Of course, the grandest of all the 1840 campaign rallies was the one held May 29, 1840, on the site of the Battle of Tippecanoe. An estimated 30,000 people attended the rally.
Elijah Edwards later recorded his impressions of the rally: “We spent the winter of 1839 and ’40 in the orchard cabin. During the last named year we witnessed a magnificent political pageant, or procession on its way to the Tippecanoe Battle Ground, which was a great rallying place for the Whig party, General Harrison being their candidate for president. This procession was at least a mile long and was composed of Whig patriots in wagons and mounted upon horses, and bearing all kinds of flags and transparencies. Many of the wagons were gorgeously decorated.”
“One wagon had on it a representation of a very long canoe, in which were seated as many girls as there were then states in the Union. The canoe had communicated to it by some means a plunging or tipping motion to carry out the idea that it was a Tip-pe-canoe. The girls sang a song the refrain of which was Hurrah for Old Tippecanoe! Another float was a very good representation of a log cabin, not a bit better than the one in which we lived, and only half so large. The walls of this cabin were hung with coonskins, stretched as for drying. By the door of the cabin sat a barrel of hard cider, and a man sat there with a gourd handing drinks to those who came close enough to get them.”
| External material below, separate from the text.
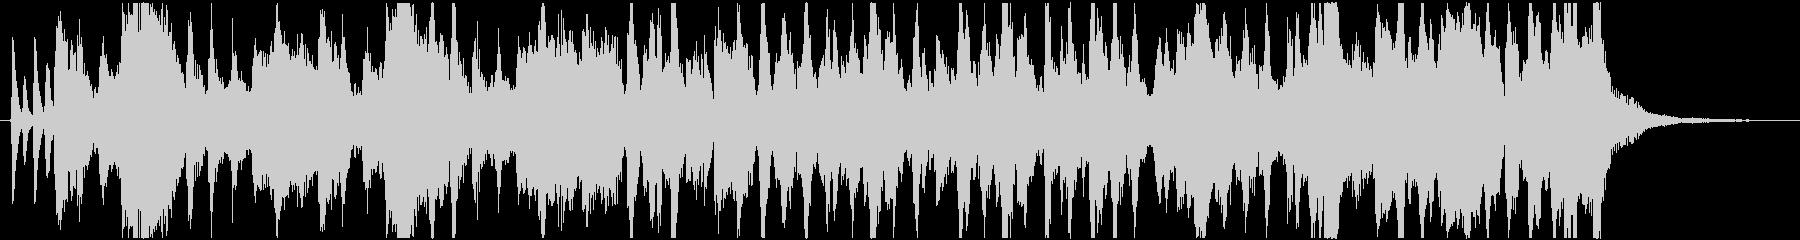 クイズ出題中BGMの未再生の波形
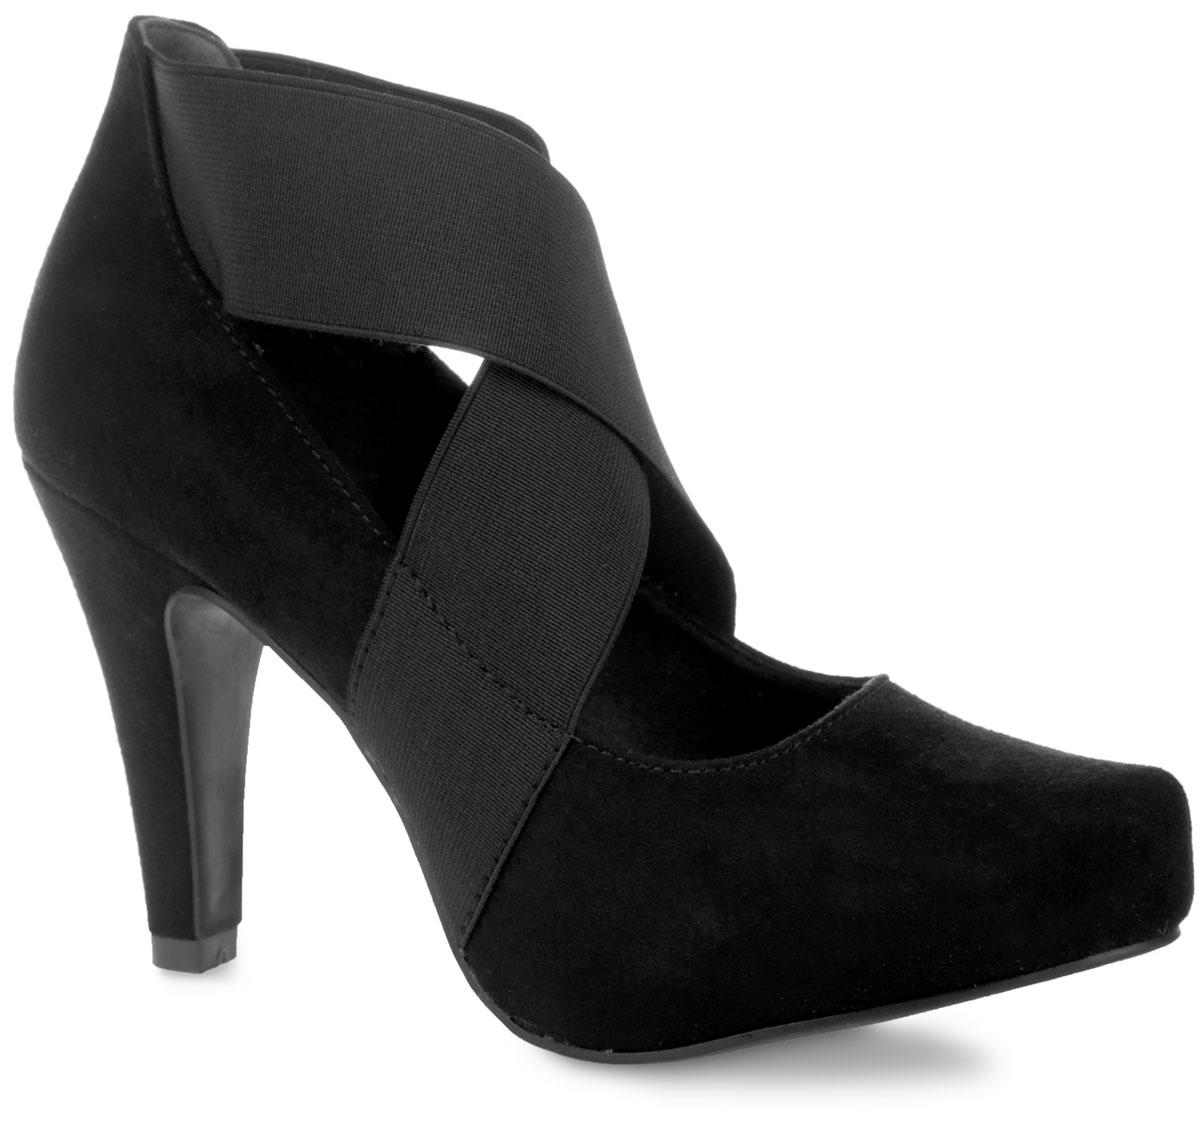 Туфли женские. 2-2-24404-25-0012-2-24404-25-001Оригинальные женские туфли от Marco Tozzi поразят вас своим дизайном! Модель выполнена из искусственной замши. Верхняя часть изделия декорирована эластичными вставками, которые зафиксируют обувь на ноге. Зауженный носок добавит женственности в ваш образ. Подкладка - из текстиля, и стелька - их искусственной кожи, обеспечат максимальный комфорт при ходьбе. Высокий конусовидный каблук компенсирован скрытой платформой. Подошва с рифленым протектором не скользит. Изысканные туфли добавят в ваш образ немного шарма и подчеркнут ваш безупречный вкус.

“Mother had given us a couple of torn pillow slips, which with her assistance, we had fashioned into flags, making the red stripes with the juice of the pokeberry. These flags we carried about with us and waved. In addition to this I had fastened a horse blanket to a long pole and placed it in an upright position in the corner of the worm fence that stood between the cabin and the highway. Cheer after cheer went up from the procession as it passed that blanket flag.” 2
Lucille McB. Crumley noted that “people gathered there (at the Battle site) several days before the rally – camping in tents, in wagons or just sleeping on the ground. Many farmers left their fields unplanted because it had been a wet spring. Everyone dropped their work and went with the crowds.” 3
Banners were everywhere –- “many were striking and not only calculated to excite mirth but indignation as well against the administration that had brought such distress upon the county. On one banner was written, ‘Says Harrison — Come boys, let’s take Malden. It was taken.’ On the reverse side, “Says little Van –Come boys, let’s take the Treasury. It was taken.’ Another had painted on it in pictures as large as life … Van Buren running down hill looking back over his shoulder with eyes ready to pop out of his head and with what little hair he had on his bald pate standing on end, with a cider barrel rolling hard after him and yelling, ‘Stop! Stop that barrel!!’”4
Lafayette resident R.H. Eldridge recorded in his diary, “May 29 – Did not think until this morning that I could afford to shut up shop and visit Battle Ground, but about ten o’clock I found myself out there and it was truly a glorious sight. There were three rostrums on which three speakers were continually addressing the crowds. I did not get there in time to see the procession but was informed that it was about two miles long, six to eight abreast. There were upwards of 1800 wagons and carriages actually counted by different persons and there must have been between three and four hundred banners floating over the heads of the multitudes. Upwards of a thousand ladies on the ground and the whole crowd estimated at between 20,000 and 40,000.”5
To be continued
Footnotes:
1 Seager, Robert. And Tyler too.
2 Edwards, Elijah. The Story of My Childhood. Typed manuscript from DePauw University.
3 Crumley, Lucille McB. “Something for Tomorrow”.
4 Ibid.
5 Diary of R. H. Eldridge, Lafayette resident during 1840.